She did not lift her hand.

“The phoenix is always with us, but in those moments, when it felt the blood of its own kind . . . a new hunger hit me. Hit us all. And the fight for dominance began.” Dante swallowed the ash. “When the fire died away, I was left standing. I thought it was over, but then my brother came for me. Wren cut my head from my body.”

Her hand rose then. Pressed against the glass over his. “Dante . . .”

“The fire started. I began to rise, and, through the flames, I saw him coming at me again. I knew Wren was going to kill me. My hearing was coming back, and Zura's words were ringing in my ears, even over the crackle of flames.
‘Kill him . . . kill him . . . let us be free!'

His brother had tried his best to kill him.

“What happened?”

Dante forced a shrug. “I didn't die. They did.” Zura should have been more specific with her words. She'd never named him, so Dante had risen, and a siren had ordered him to kill—and he had.

His fire had exploded—going for Wren and Zura. When Zura had begun to burn, Wren had lost his last hold on sanity.

I'm sorry, brother.
Dante had wished again and again for a different ending.

“Because of what happened then, you think every phoenix will come after you now?”

He shoved away the image of his brother. “It's what we do. That wasn't the only attack. Word spread after that—a phoenix's weakness is his own kind.”

“So it's better to be the
only
one, than to have a threat out there? That's crazy!”

“That's the way of the phoenix,” he told her quietly.

“That's the way of the insane. Cain isn't a threat to you. He isn't—”

“He'll realize what you are.”

“No, he doesn't think I'm
anything
but human. I asked him if I sounded different. If I smelled different. You know what he said? That his Eve smelled like paradise and temptation. Like every dream he'd ever had.”

There was an odd note in her voice. Almost . . . envy?

“He's not hearing any siren song from me, and I'm—I'm starting to wonder why you're lying to me.”

“He's mated,” Dante said, understanding at once.
Smelled like paradise and temptation.
That was the way a mate smelled to a phoenix.
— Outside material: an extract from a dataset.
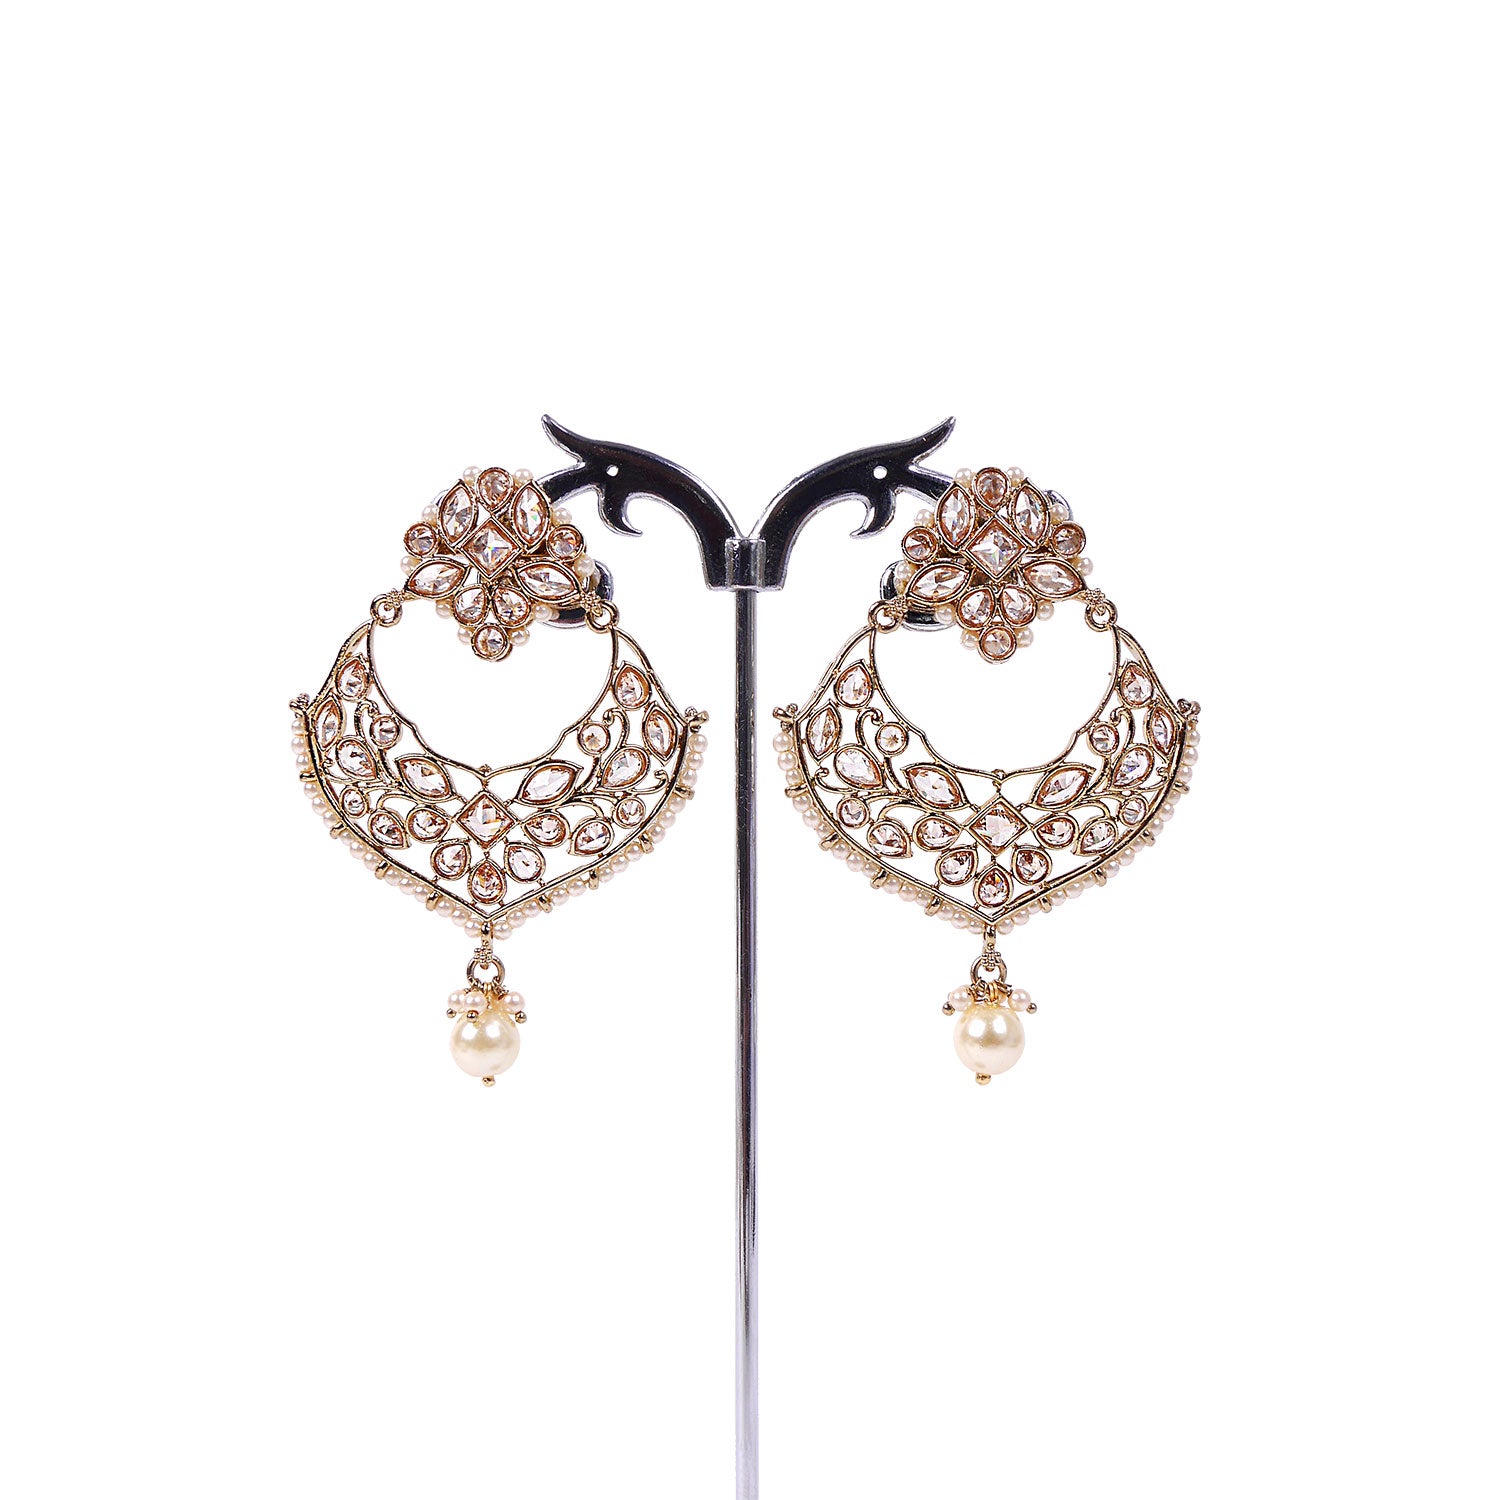 Richa Chandbali Earrings in Pearl and Antique Gold
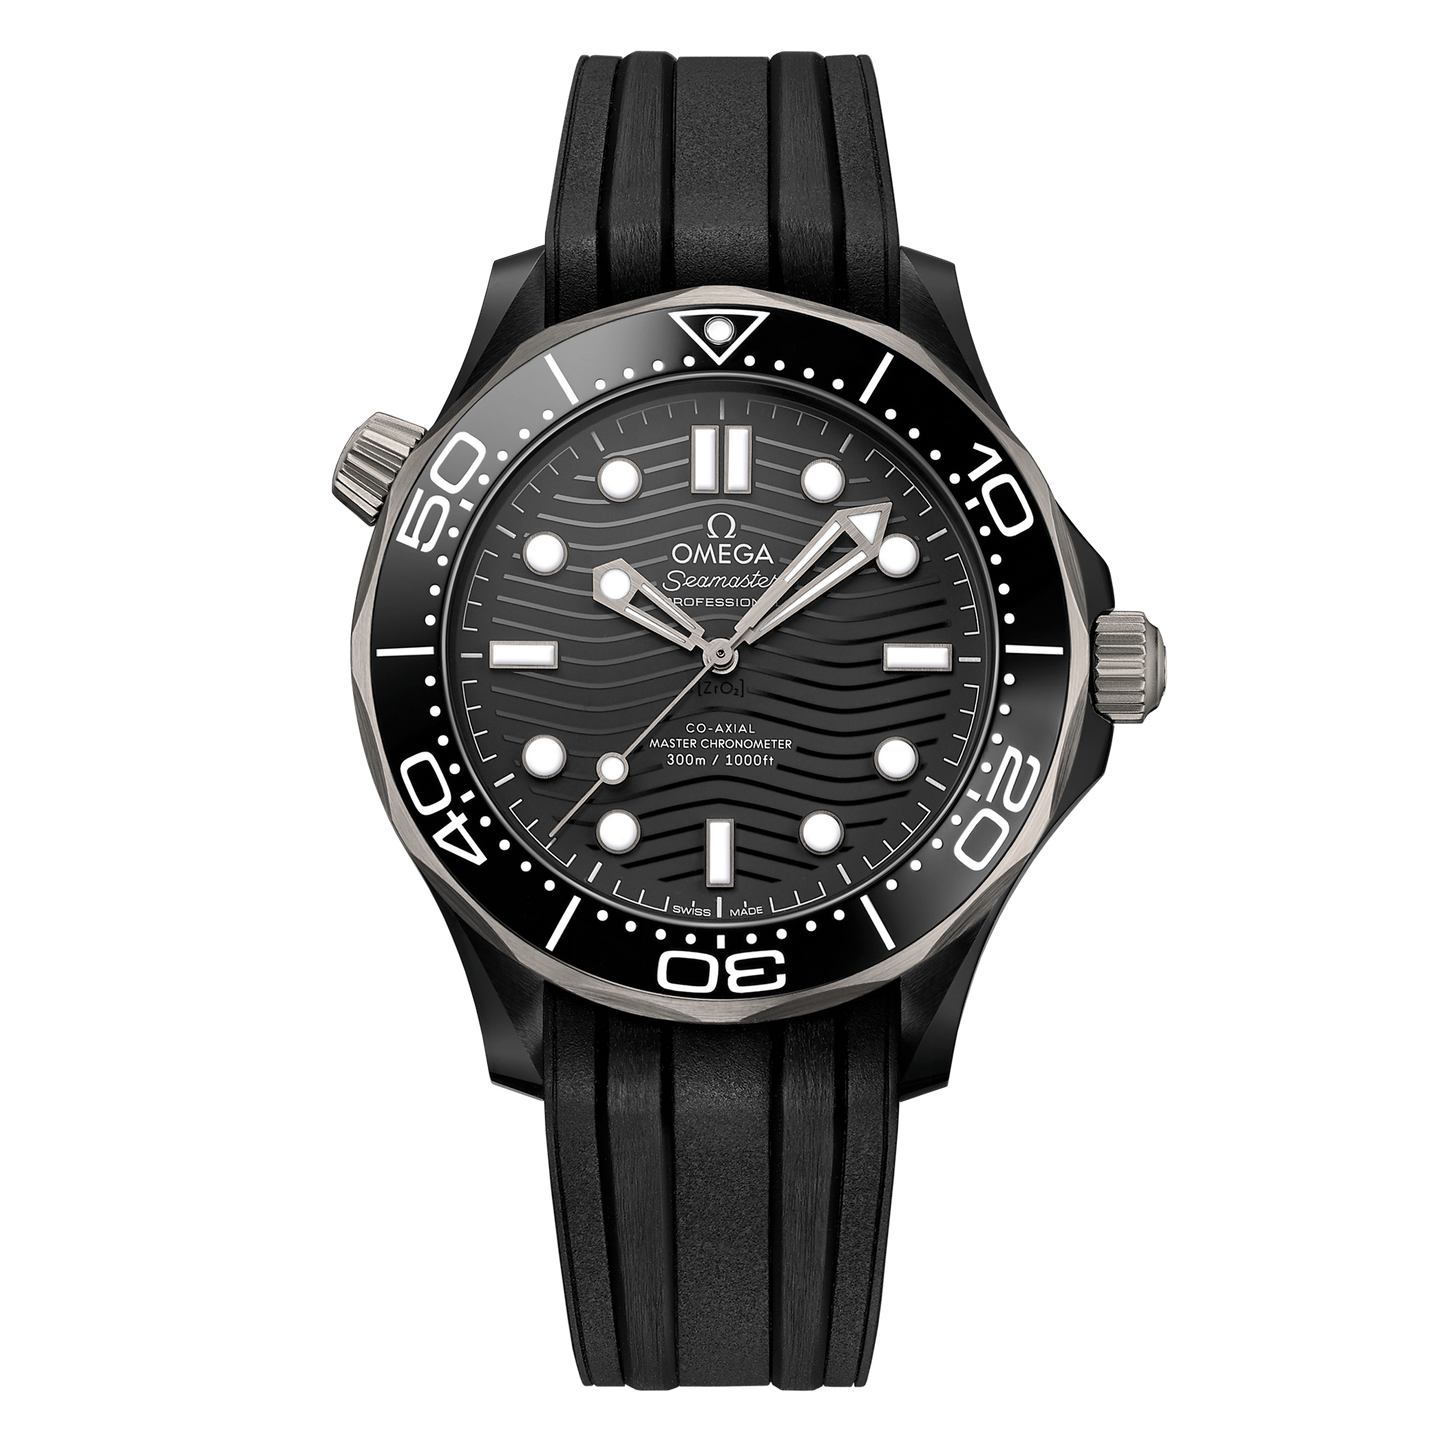 OMEGA Seamaster Diver 300m Co-Axial Master Chronometer 43.5mm, Black Rubber

The way that Cassie smelled to—

“He's in love with Eve, yes, but that shouldn't affect the man's ability to smell a difference in me.” Cassie turned away. “Get some sleep, Dante, we can talk tomorrow.”

“You're . . . leaving me?”

She glanced over her shoulder. “Sucks, doesn't it? Now you know how I felt when you locked me in that closet.”

“I was protecting you.”
The woman should understand that.

“No.” A sad shake of her head. “You were protecting yourself. From a threat that doesn't even exist. Wake up, Dante. This isn't a world full of sirens and phoenixes any longer. You don't have to battle your own kind. But you
do
have to learn to trust them.”

And she truly did just leave him.

The door closed behind her with a soft click.

But she didn't leave him alone.

Dante had known that another was there, even if Cassie hadn't realized it. Another had been standing just outside his cell door the whole time they were talking. Listening to them. Waiting for the moment when Cassie left.

The lock turned slowly, disengaging.

Cain stalked inside. The phoenix pulled the door shut behind him.

No Cassie. No Eve.

“I think we have some business to finish,” he murmured.

Yes, they did.

 

“Why are you crying?”

Cassie stiffened at Jamie's voice. She'd thought that he was asleep, safe and secure for the night.

But there he was, standing at the front of the small makeshift bedroom she'd claimed for herself.

Cassie was sitting in a wobbly, wooden chair, and it trembled a bit as she hurriedly swiped her hands over her cheeks. “I'm not crying,” she immediately denied.

He lifted a brow and looked far too old for his fourteen years.

“Fine. I was crying. A little.” She sniffed.

He crept toward her. “Because of what I did?”

“No, because of something I did. Something that I wanted to make right. I'm not sure I can anymore.” She'd clung to hope for so long, but it was vanishing.

Jamie came closer. Hesitated, then awkwardly patted her shoulder.

Cassie almost started crying again. “We . . . we're still looking for your family, Jamie. The foster family that you were with has moved and—”

“I don't want to go back to them.” His voice had chilled. Frowning, she looked up at him.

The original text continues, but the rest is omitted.